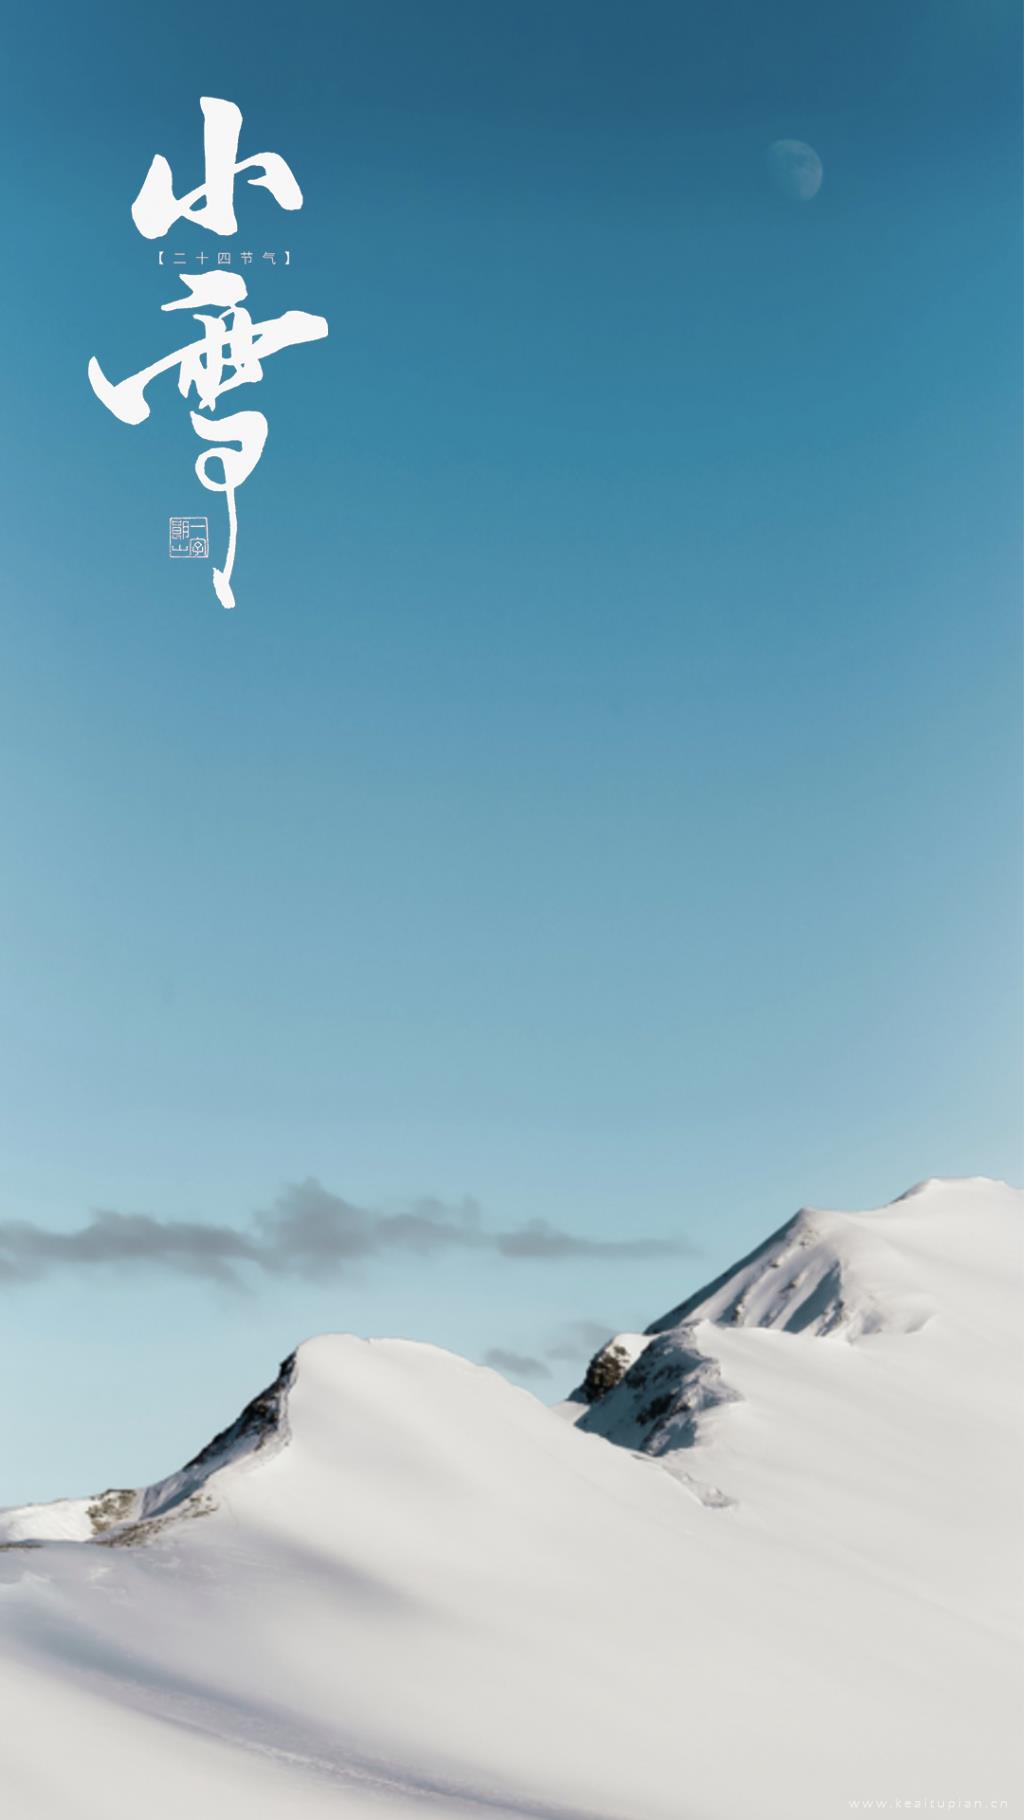 小清新唯美小雪自然优美雪山风景海报图片
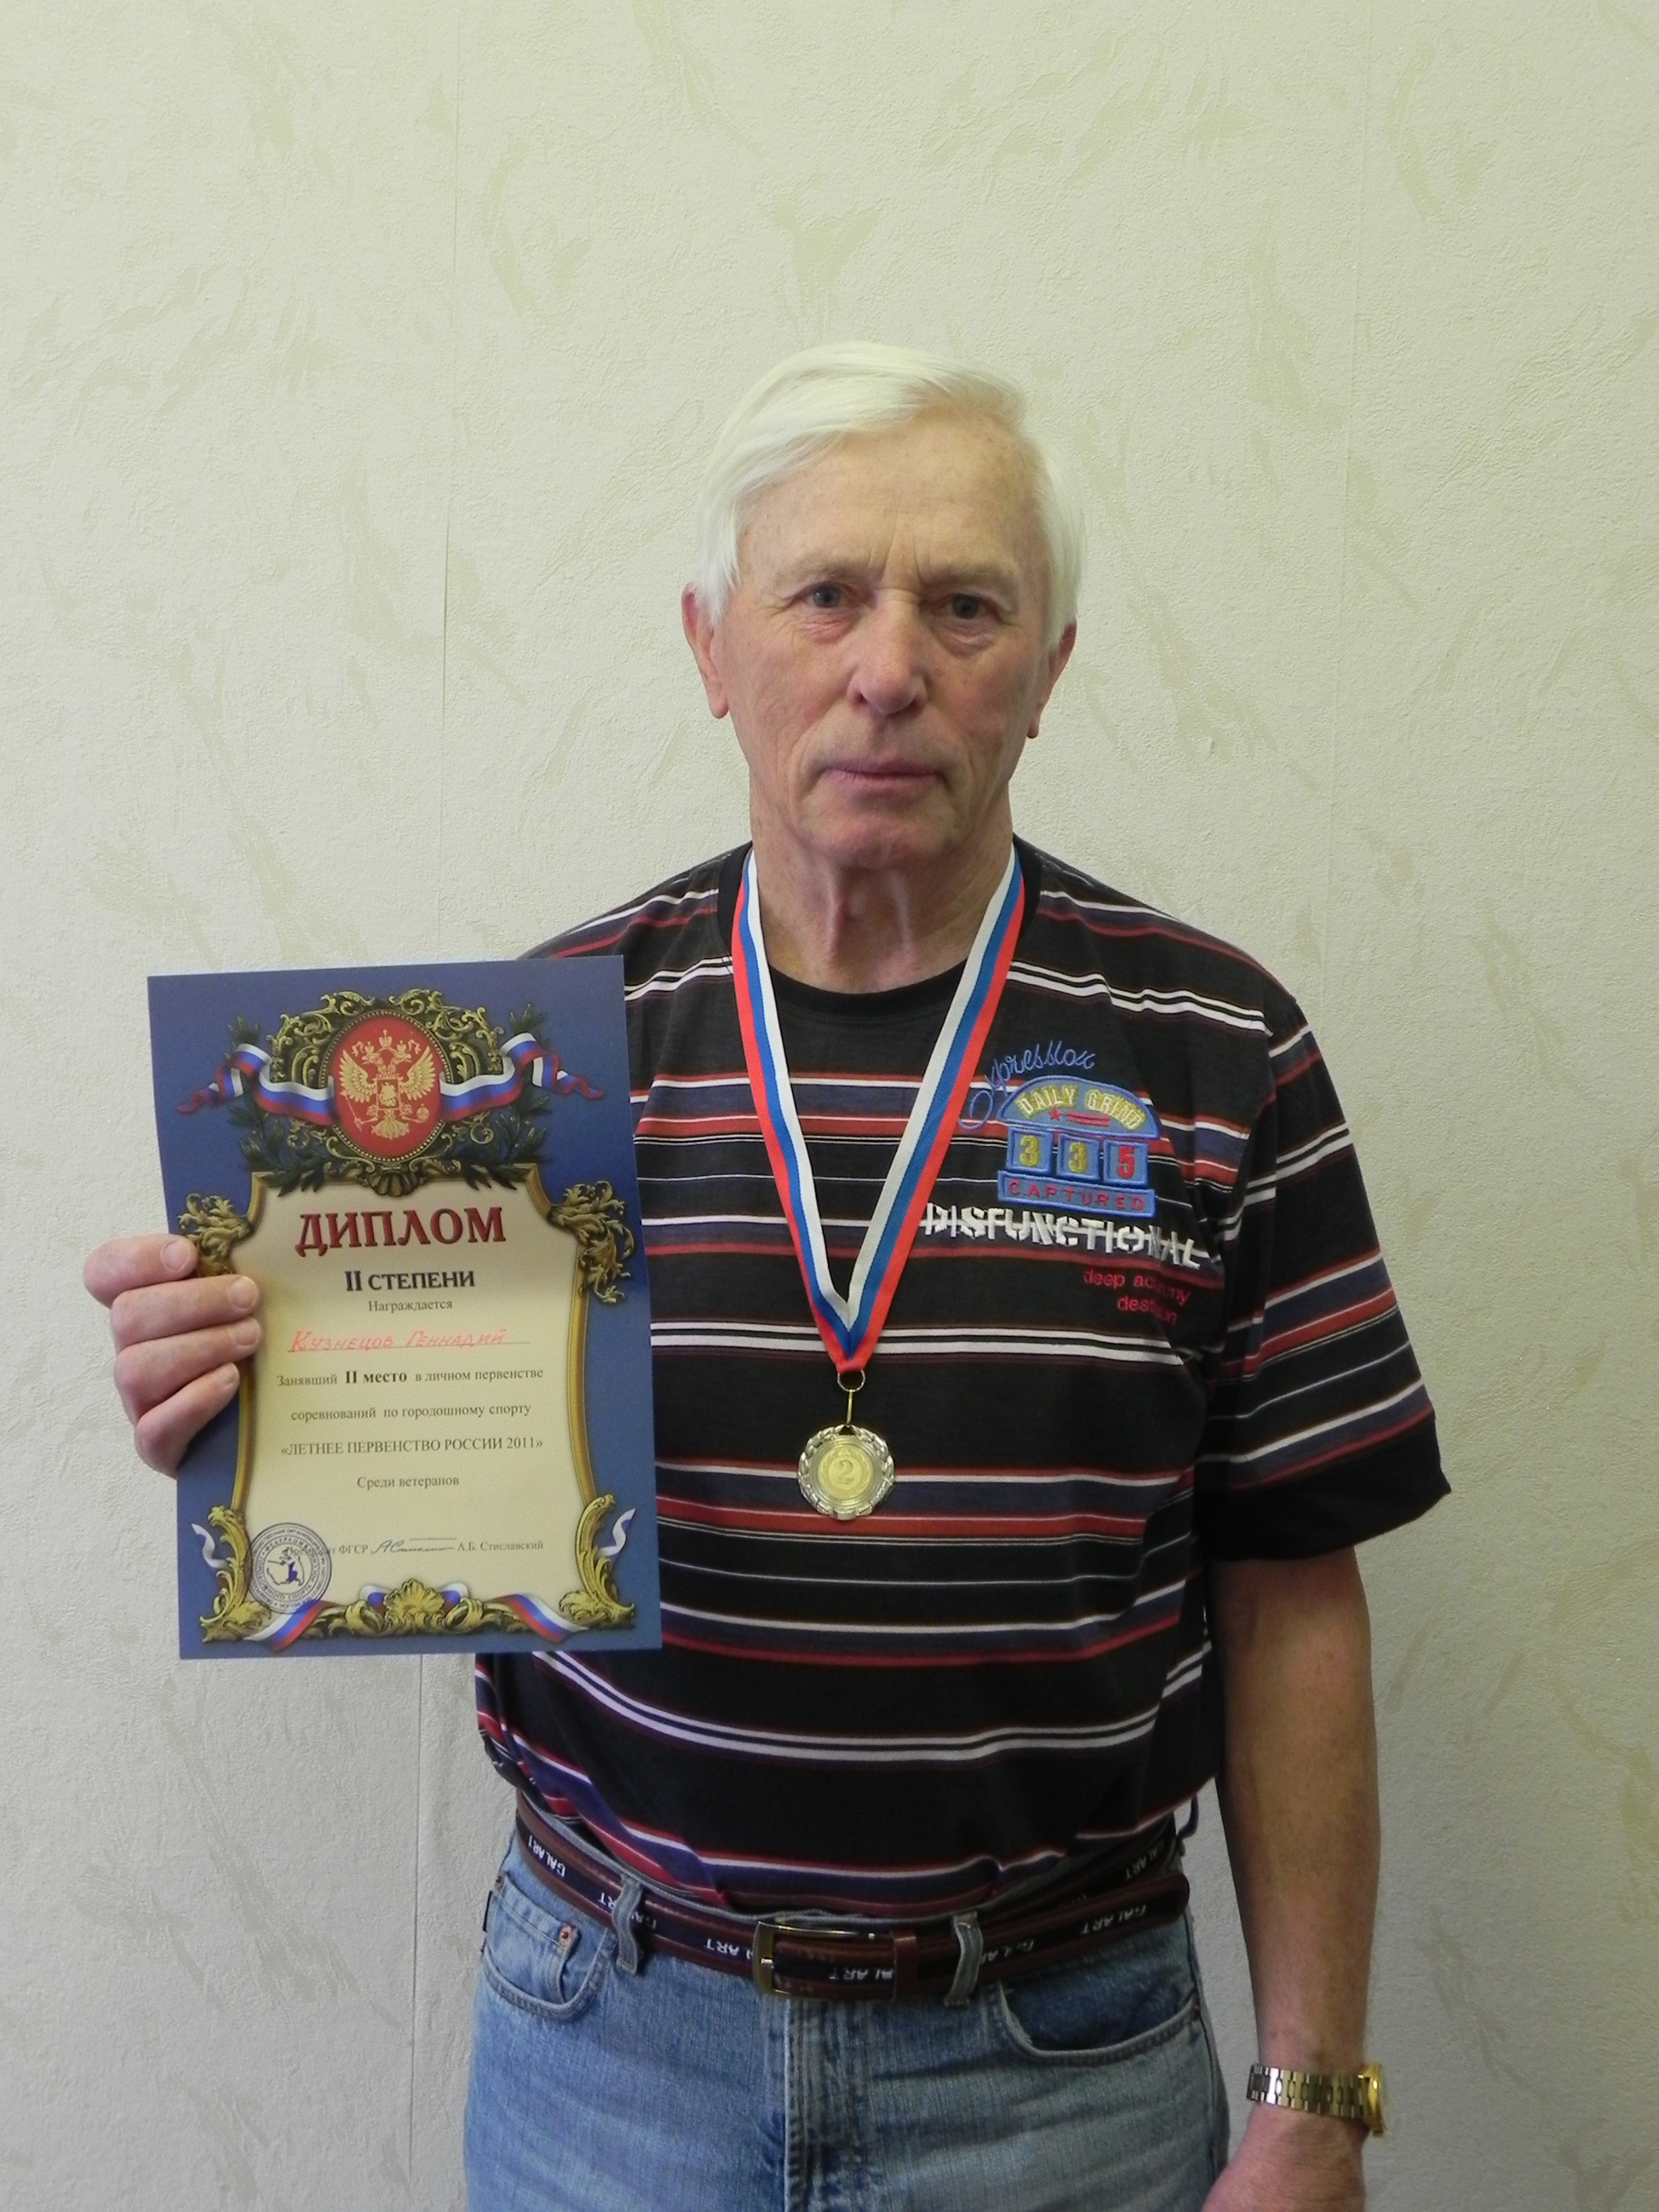 14:53 Геннадий Кузнецов свою серебряную медаль в первенстве России по городошному спорту посвятил любимой Чувашии
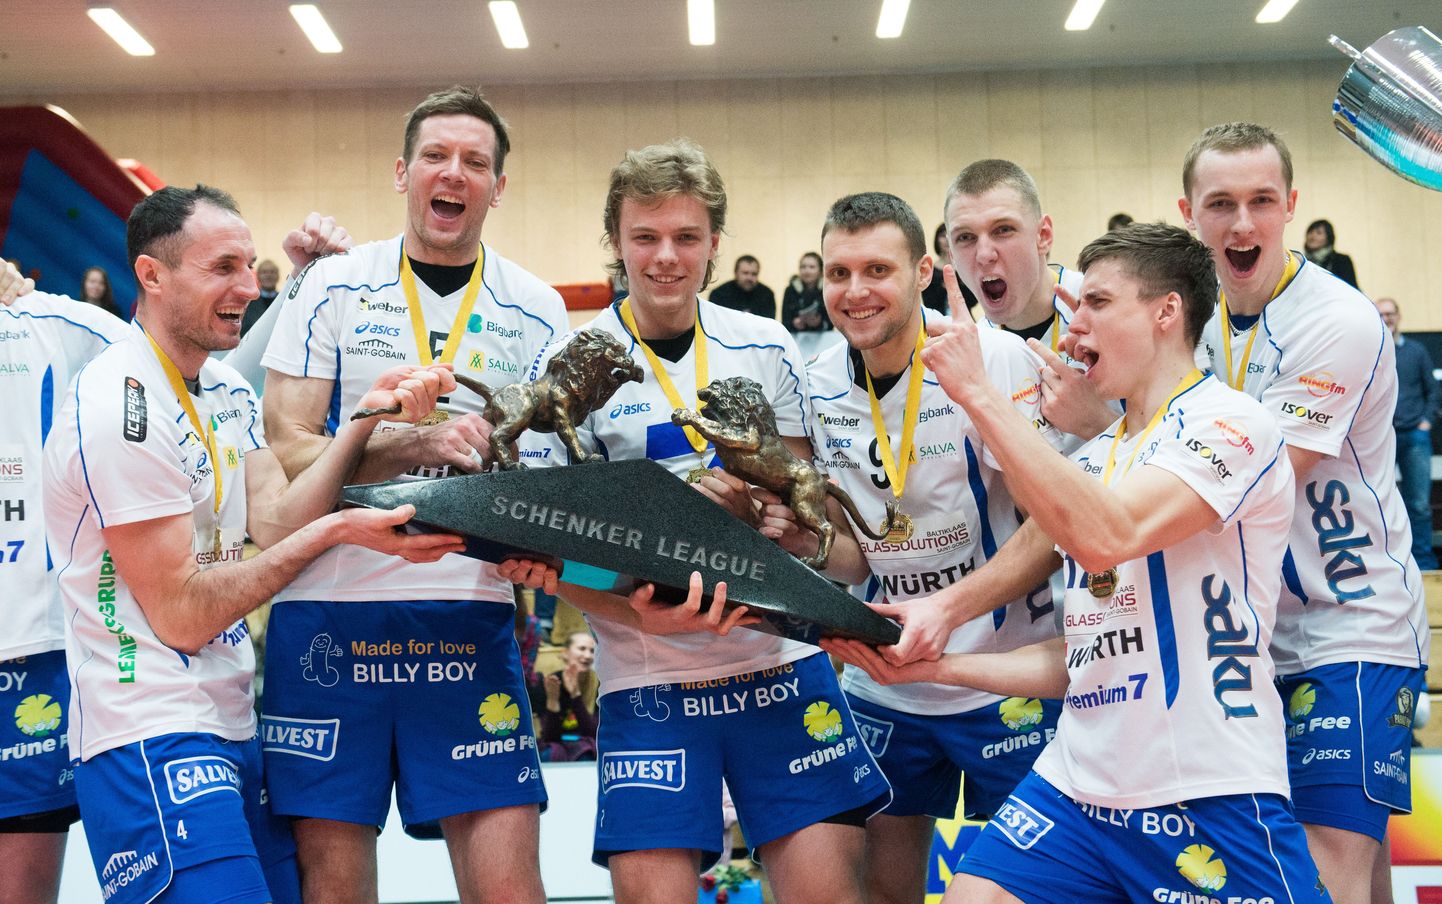 Eelmise aasta Schenker liiga finaal Tartu Bigbank vs Tallinna Selver. Võitis Tartu meeskond 3:2.

···

> Exercise prompt
Reproduce the material in its entirety and word for word, without the pictures.

> Answer space
 小清新唯美小雪自然优美雪山风景海报图片
 14:53 Геннадий Кузнецов свою серебряную медаль в первенстве России по городошному спорту посвятил любимой Чувашии
 Eelmise aasta Schenker liiga finaal Tartu Bigbank vs Tallinna Selver. Võitis Tartu meeskond 3:2.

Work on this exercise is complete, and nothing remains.